Natural Health Trends
Racking up $273 million of revenue in a single year, Natural Health Trends topped Fortune’s list of the 100 Fastest-Growing Companies for the second time in a row in 2017.
But the good news doesn’t end there. Led by CEO Chris Sharng, NHT saw a 112 percent three-year growth in earnings per share, a 73 percent growth in revenue over three years, and a 64-percent total three-year return. Not too shabby for a multi-level marketing company based out of the California suburb of Rolling Hills Estates.
The Kardashians
Like them or not, the Kardashians are a thriving family business empire, and they did pretty darned well in 2017. After 10 years, 13 seasons and 11 spinoffs of the “Keeping Up With the Kardashians” reality TV show, E! network renewed the family’s contract through 2020 this year, reportedly for a $100 million price. That news came in October; before the deal, the women of the Kardashian-Jenner clan sported a combined net worth of $122.5 million in 2017, according to Forbes.
Within the family, Kylie Jenner is the champion among champions. Over just 18 months, her Kylie Cosmetics brand ballooned into a $420 million company, earning her place as the youngest entry on the Forbes 30 Under 30 list for 2017.
Salesforce
You might not have heard of Salesforce yet, but you will soon. For the first time in 2017, Fortune put together a new list dubbed the Future 50, a ranking of companies best poised for breakout growth. Guess who topped it?

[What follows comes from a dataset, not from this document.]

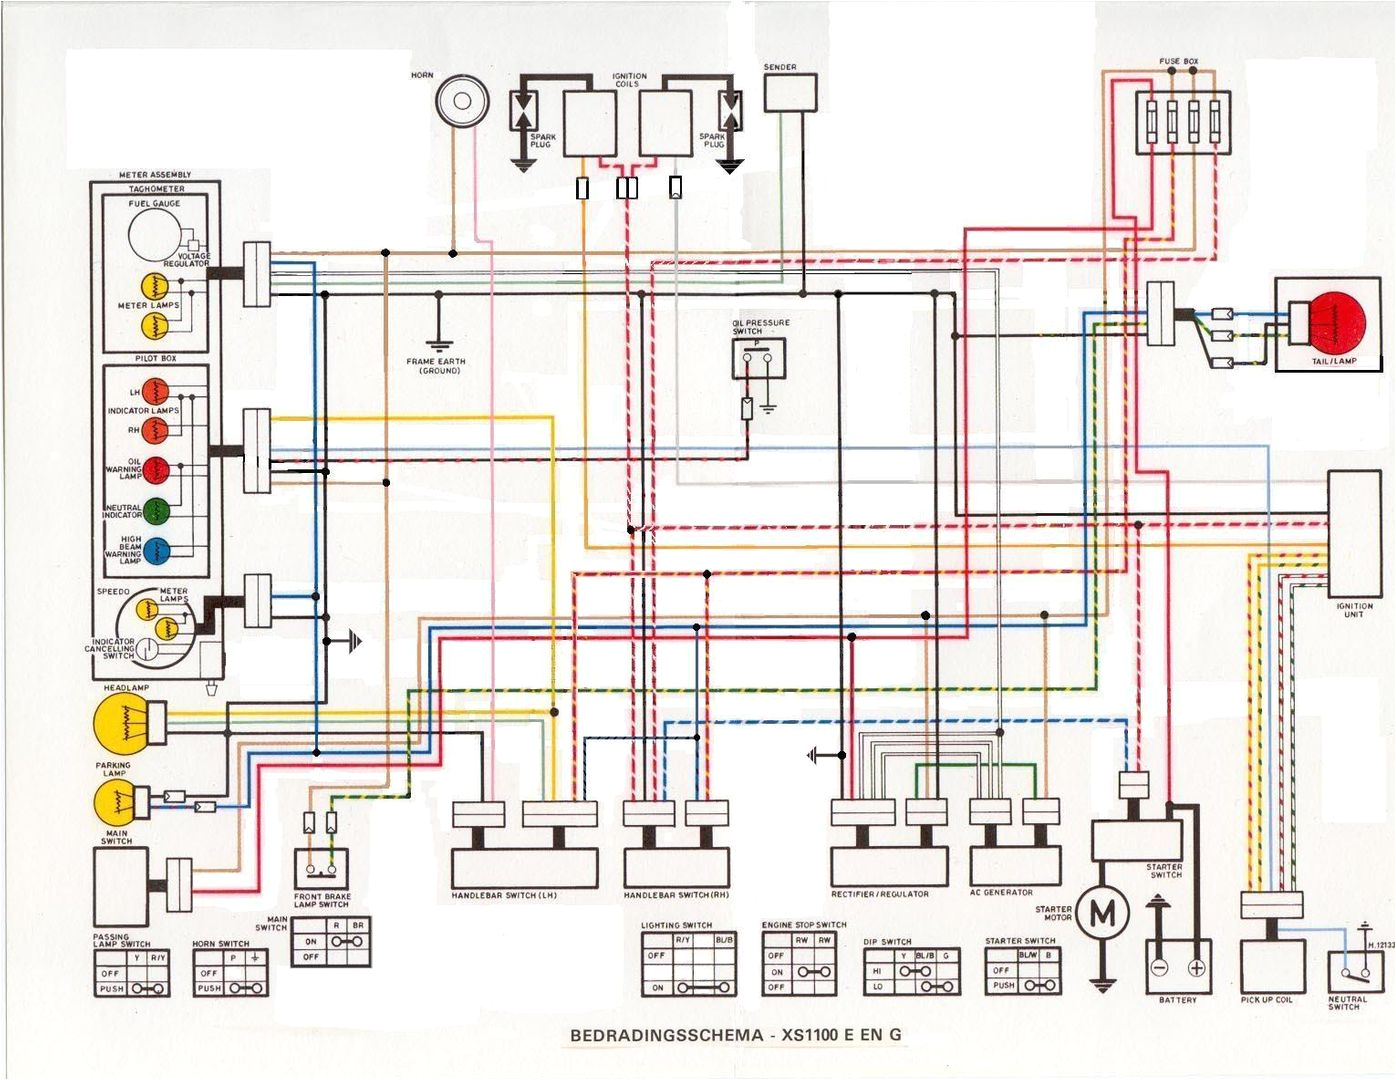 basic minimal wiring diagram yamaha 1100 wiring diagrams yamaha xs1100 wiring diagram

That’s right — it’s the San Francisco-based Customer Relationship Management (CRM) platform that just so happens to be the most successful company of its type in the world. Salesforce’s innovative cloud-based sales, service and marketing platform eliminates the need to hire IT experts, and lends the young company a staggering value of $104.35 billion.
Nintendo
Nintendo has been marching to its own quirky drumbeat since it first started making playing cards in 1889, and it has created some of the most beloved and best-selling video game franchises of all time. Beset by confusing marketing failures, the Wii U era was definitely a downbeat one. While the console’s Wii predecessor sold 101.63 million hardware units worldwide, the Wii U only managed to scrape by with 13.56 million. In September 2016, the games maker reported a $57 million operating loss, hedging its bets on its then-upcoming hybrid Switch console to turn things around.
That bet paid off in spades. One of the biggest marketing successes of the year — complete with a Super Bowl LI commercial that has racked up 14 million YouTube views — the Nintendo Switch could hardly stay on the shelves for months after its early March launch. By September, the Switch had already sold 7.63 million hardware units globally accompanied by 27.48 million software units, with Nintendo reporting revenue of $1.9 billion for the second quarter.
In late November, economics journal Toyo Keizai revealed that Nintendo was the most cash-rich company in Japan, with about $8.4 billion in its war chest. The folks at the house of Mario are positively jumping for joy.